Es laufen jetzt Diskussionen über eine bundesweit koordinierte Aktion zu den Hiroshima- und Nagasaki-Jahrestagen unter dem Motto "Nacht der 100.000 Kerzen", wobei den Opfern der ersten Atombombeneinsätze mit Kerzen (evtl. auf Flüssen) gedacht werden soll.
Die 60. Jahrestage geben Anlass für alle Organisationen, mit den Medien über gestern und heute zu reden. Journalisten suchen in dieser Zeit unseren Expertenrat und brauchen Vermittlungshilfe für Interviewpartner. Da die meisten Journalisten junger als 40 Jahre alt sind, haben wir hier die Möglichkeit, unsere Inhalte zu transportieren, indem wir sie gezielt mit Informationen beliefern. Nicht nur die Folgen der Einsätze von Atomwaffen soll Thema sein, sondern die jetzigen Gefahren, Hintergründe und mögliche Auswege.
Schlussfolgerungen
Wir stehen an einer Kreuzung zwischen der Erbschaft des Kalten Krieges (nukleare Teilhabe) und einem neuen nuklearen Zeitalter. Wie es weiter geht, hat sehr viel mit der politischen Dynamik in den USA zu tun und wie viel Selbstvertrauen Europa in der internationalen Politik entwickelt. Deutschland spielt eine maßgebliche Rolle in dieser Geschichte, wird aber sehr stark von der Innenpolitik abgelenkt, so dass die Brisanz der aktuellen Situation nicht erkannt wird. Zwei Zeichen könnten von Deutschland aus erfolgen, um die Abrüstung wieder auf die Tagesordnung zu bringen: eine Kündigung der technischen Teilhabe (siehe IPPNW-Aktuell 12/04) und eine eindeutige Position bei der NPT-Überprüfungskonferenz für die Erfüllung des Artikel VI und Unterstützung für die NAC. (Artikel VI fordert die Nuklearmächte auf, eine vollständige atomare Abrüstung auszuhandeln)

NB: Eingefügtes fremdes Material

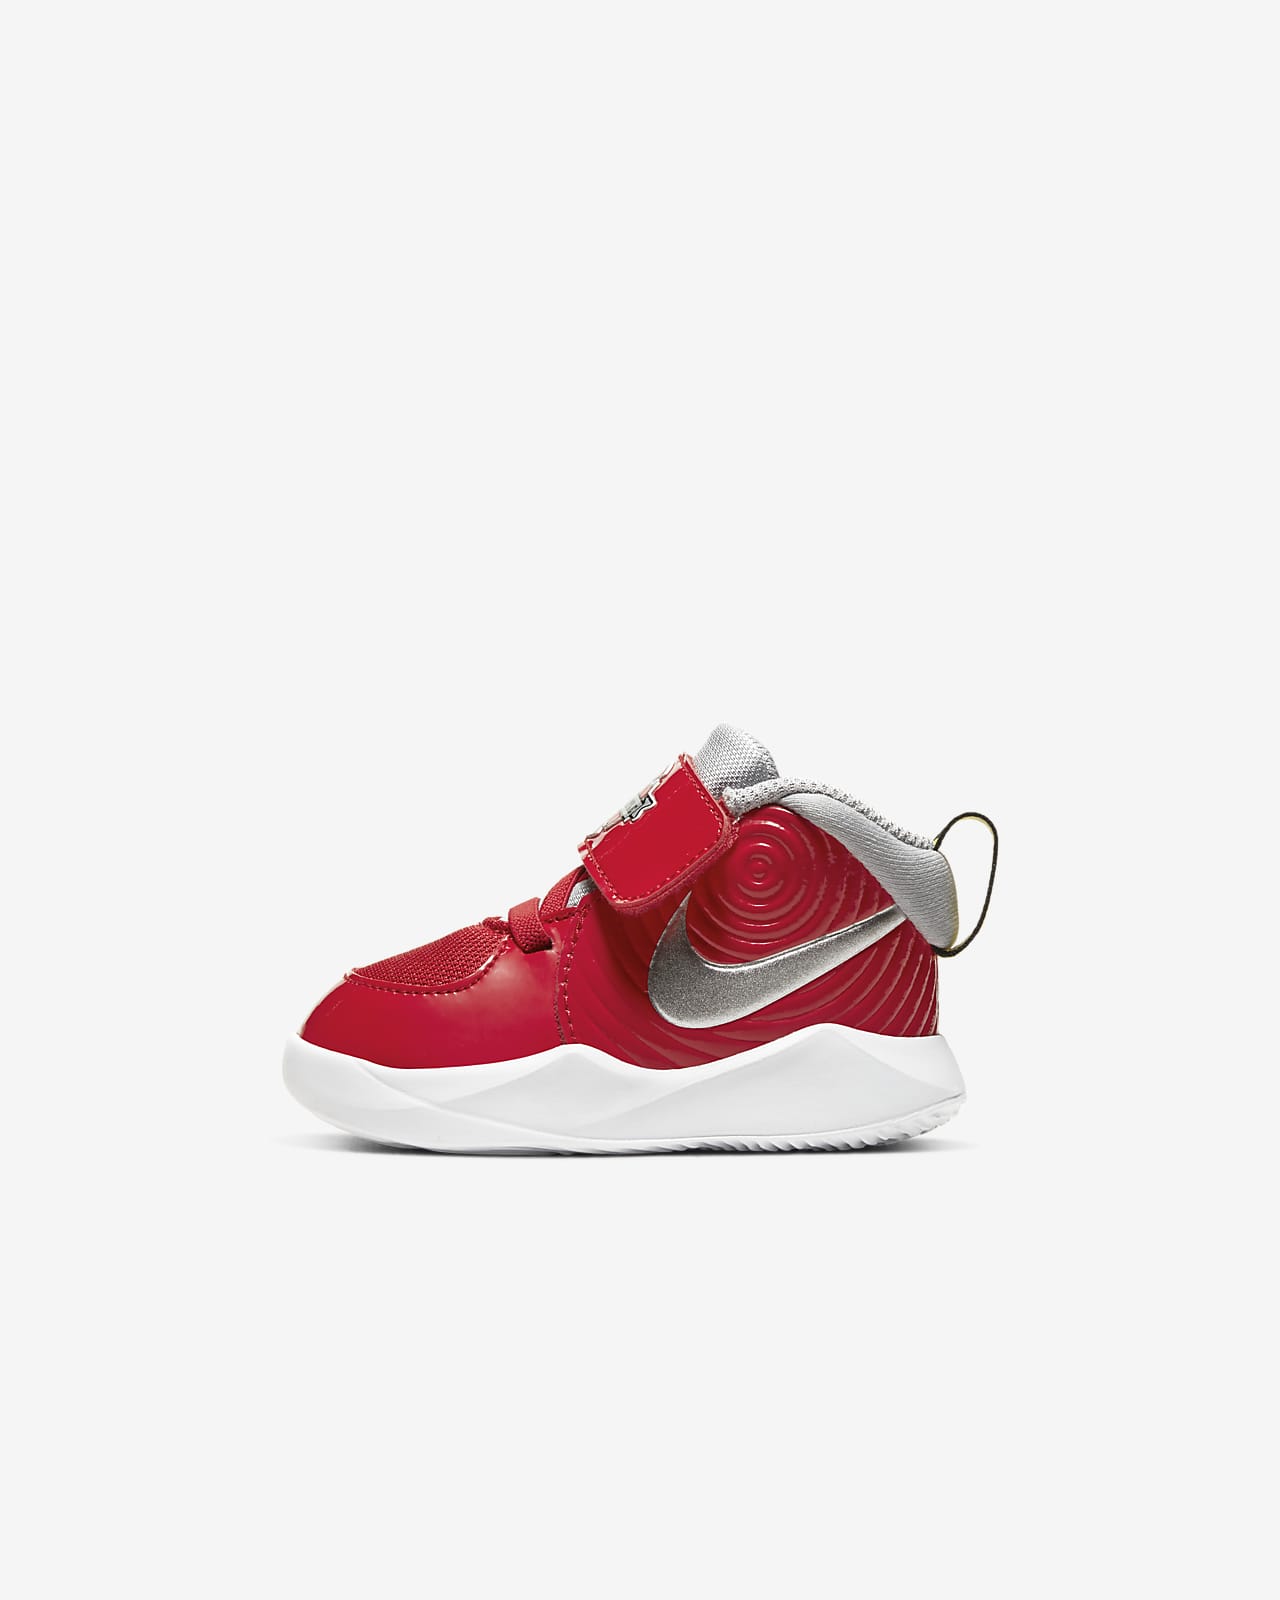 Nike Team Hustle D 9 Auto Baby/Toddler

Unsere Kampagne und viele Projekte müssen bei jeder Gelegenheit deutlich machen, warum es gerade jetzt zu einer Zuspitzung der Gefahr kommt und dass die deutsche Bevölkerung die Atomwaffen insgesamt ablehnt - hier und auch woanders. Dafür brauchen wir eine neue Basis, die aus jüngeren Menschen besteht. In meinen Augen heißt das, dass die wichtigste Arbeit überhaupt in der Aufklärung besteht. Das ist auch die Schlussfolgerung vieler anderer Bewegungen in anderen Ländern.
Anlässe
Für Initiativen:
1. 60. Jahrestag der Atomwaffenabwürfe über Hiroshima und Nagasaki (6. und 9. 8.).
2. Das "Einstein-Jahr".
3. Die 5. Überprüfungskonferenz des Atomwaffensperrvertrages (Mai 2005) in New York.
4. 60 Jahre nach dem ersten Atomtest.
5. Weitere Entscheidungen über die Entwicklung neuer Atomwaffen in den USA.

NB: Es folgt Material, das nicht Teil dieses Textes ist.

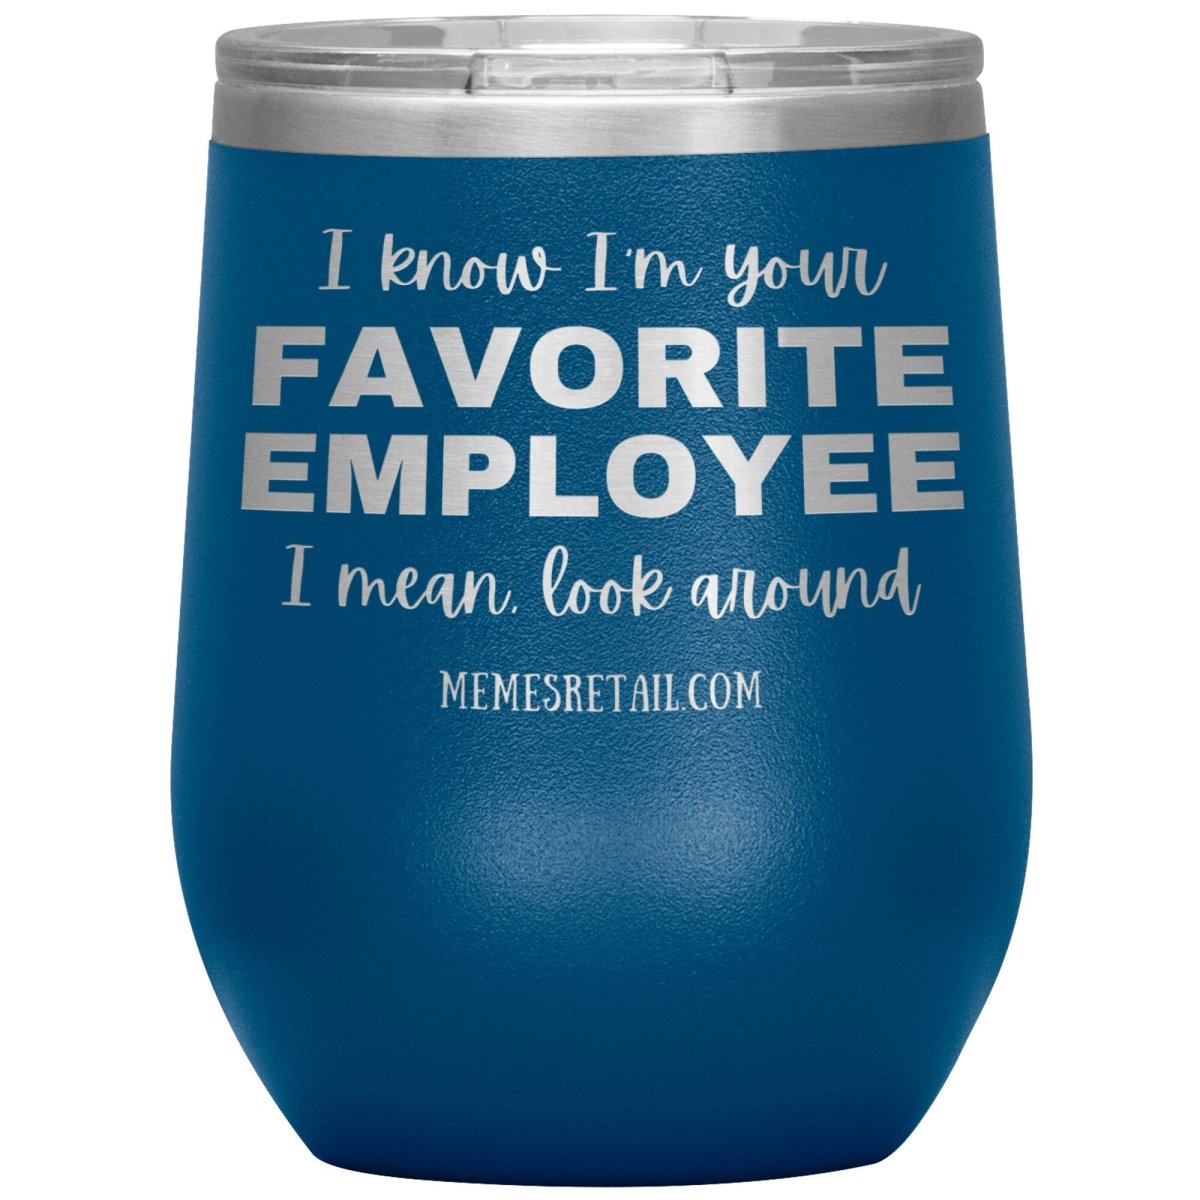 I know I’m your favorite employee, I mean look around, 12oz Wine Insulated Tumbler / Blue - MemesRetail.com

6. Streit um Urananreicherung in Iran.
7. Zertifizierung des Eurofighters als Ersatz für den Tornado (Atomwaffenträger).
Xanthe Hall ist Abrüstungsreferentin der IPPNW und arbeitet in der Geschäftsstelle der deutschen IPPNW-Sektion in Berlin. Sie koordiniert der deutschen Trägerkreis "Atomwaffen abschaffen". Sie ist Mitbegründerin des internationalen Netzwerkes für die Abschaffung aller Atomwaffen "Abolition 2000"und Mitglied dessen Global Council.